Let us know if you know of any ditches that drain agricultural fields AND are maintained by Pierce County Roads department, and we can connect you with the right folks!

A roadside ditch filled with lush reed canarygrass. We’ll follow the progress and hope to see improvement in flow!

FFP: what’s going on with drainage?

Posted on Categories News

The Floodplains for the Future partnership is awaiting funding from the third round of Floodplains by Design funding, but the partners are already working hard to move projects ahead. One project that the Farming in the Floodplain Project is excited about is the opportunity to improve agricultural drainage in the Clear Creek area by reconnecting floodplain and restoring Clear Creek on a ~30+ acre parcel of property now owned by the County. Drainage District 10 will be a part of this effort, and in order to make informed, data-backed decisions about how to restore this property, we’re collaborating with flood and fish interests to collect information that will point this effort towards success.

This means collecting data about:

  • surface and groundwater levels in the Clear Creek basin- what do water levels look like over the course of a year?
  • the hydraulic grade line- what’s the slope from one end to the Puyallup River- is it enough to drain the basin?
  • the amount of water the four tributaries (Swan, Squally, Clear, and Canyon Creeks) contribute off the plateau onto the floodplain- how much water is coming off the plateau and draining through the floodplain?
  • salinity- is saltwater water from downstream making it to this system during high tides?

We’re all working to figure out how to share resources and existing equipment in order to collect this data. The end result will be a way better understanding of how water moves around Clear Creek, which will give us all a better path forward to integrating agricultural drainage elements into this restoration project. For example, “re-meandering” Clear Creek by un-pinning it from the railroad tracks could improve flow and water storage. Understanding the slope of the floodplain within the creek/ditch system can show us where to focus efforts to clear, widen, or alter the ditches.

For more information about this effort, or about the Farming in the Floodplain Project, email Jordan.

FFP- round 2!

Posted on Categories News

The Farming in the Floodplain Project has officially moved to WSU in Puyallup. We’re affiliated with the Washington Stormwater Center and the Center for Sustaining Agriculture and Natural Resources.

The Floodplains for the Future (FFTF) partnership- the group that received the first Floodplains by Design grants- continues to successfully collaborate, and received several recent large grants that will be used to further this work. Floodplains by Design funding will be arriving shortly, and the Farming in the Floodplain Project is planning for the next two years worth of work!
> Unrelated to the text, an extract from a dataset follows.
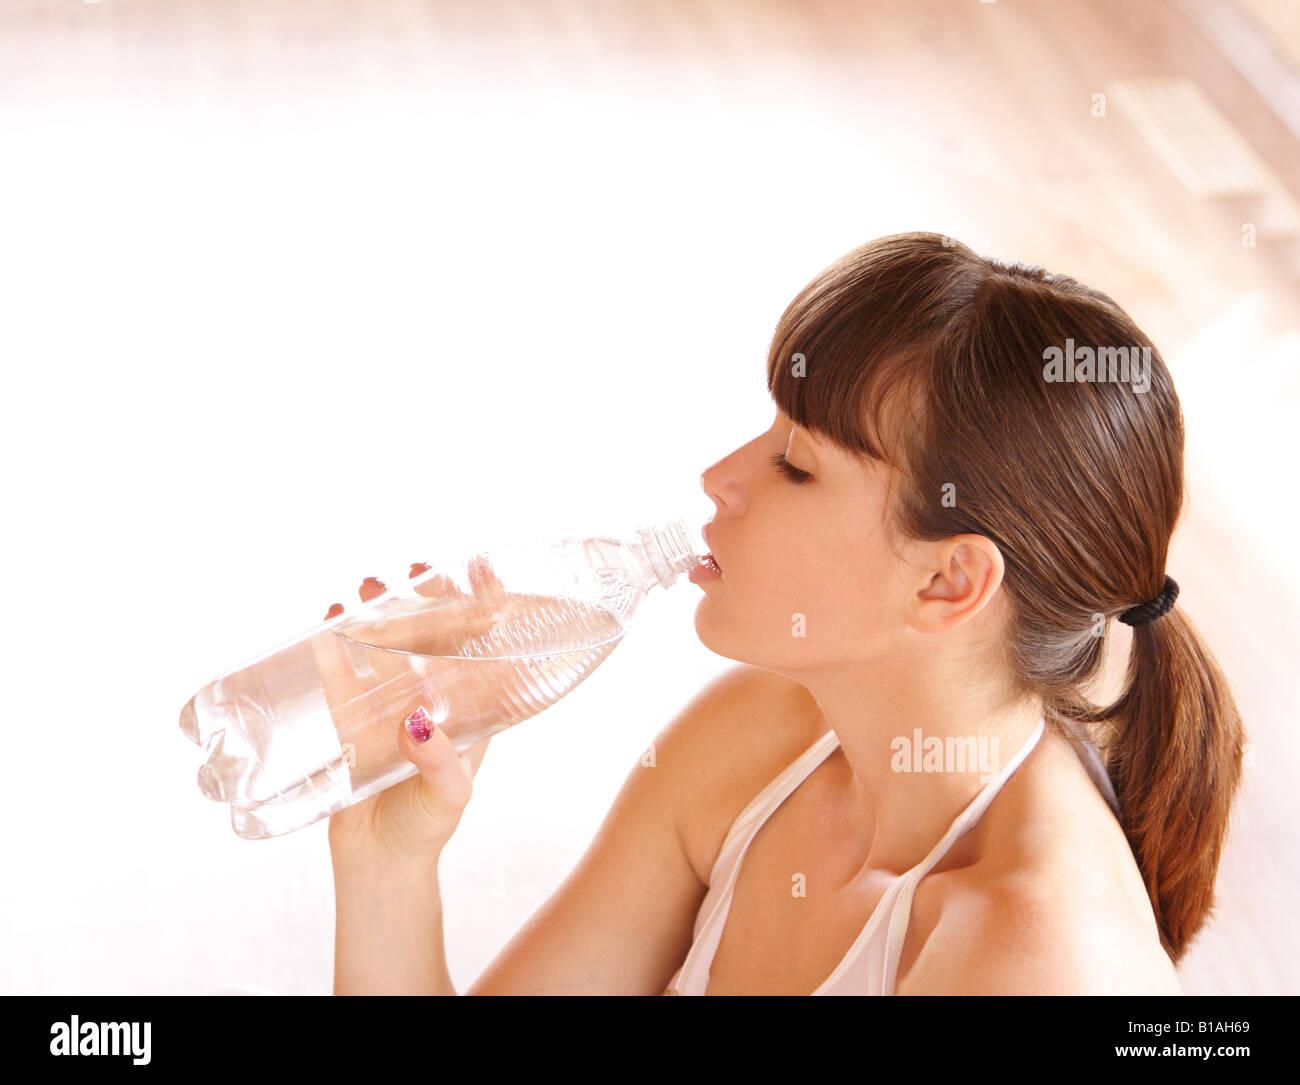 Junge Frau Trinkwasser nach dem training Stockbild

Our work continues to be guided by the FFTF Agricultural Committee, comprised of staff from WSU-Puyallup, Forterra, PCC Farmland Trust, Pierce Conservation District, and Pierce County (Planning and Lands Services and Surface Water Management), as well as several local farmers/growers.

For the next two or so years (June 2018- June 2020) we will continue to work within the Clear Creek community on the following tasks:

  • Explore the feasibility of separating agricultural drainage from the Clear Creek system, including examining alternative drainage infrastructure for the near term and long term;
  • Support the local drainage district and others within the county to determine what it takes to make a district viable and functional;
  • Participate, and advocate for agricultural perspectives, in Pierce County’s Clear Creek Strategy Process;
  • Collaborate with Flood and Habitat Leads to co-design a project on 40-80 acres of SWM-owned property that will restore habitat and improve agricultural drainage.

We are also continuing to collaborate with many partners to look at drainage problems within the Puyallup Watershed, and seeking options to support improved physical conditions and policies that will lead to improved agricultural drainage.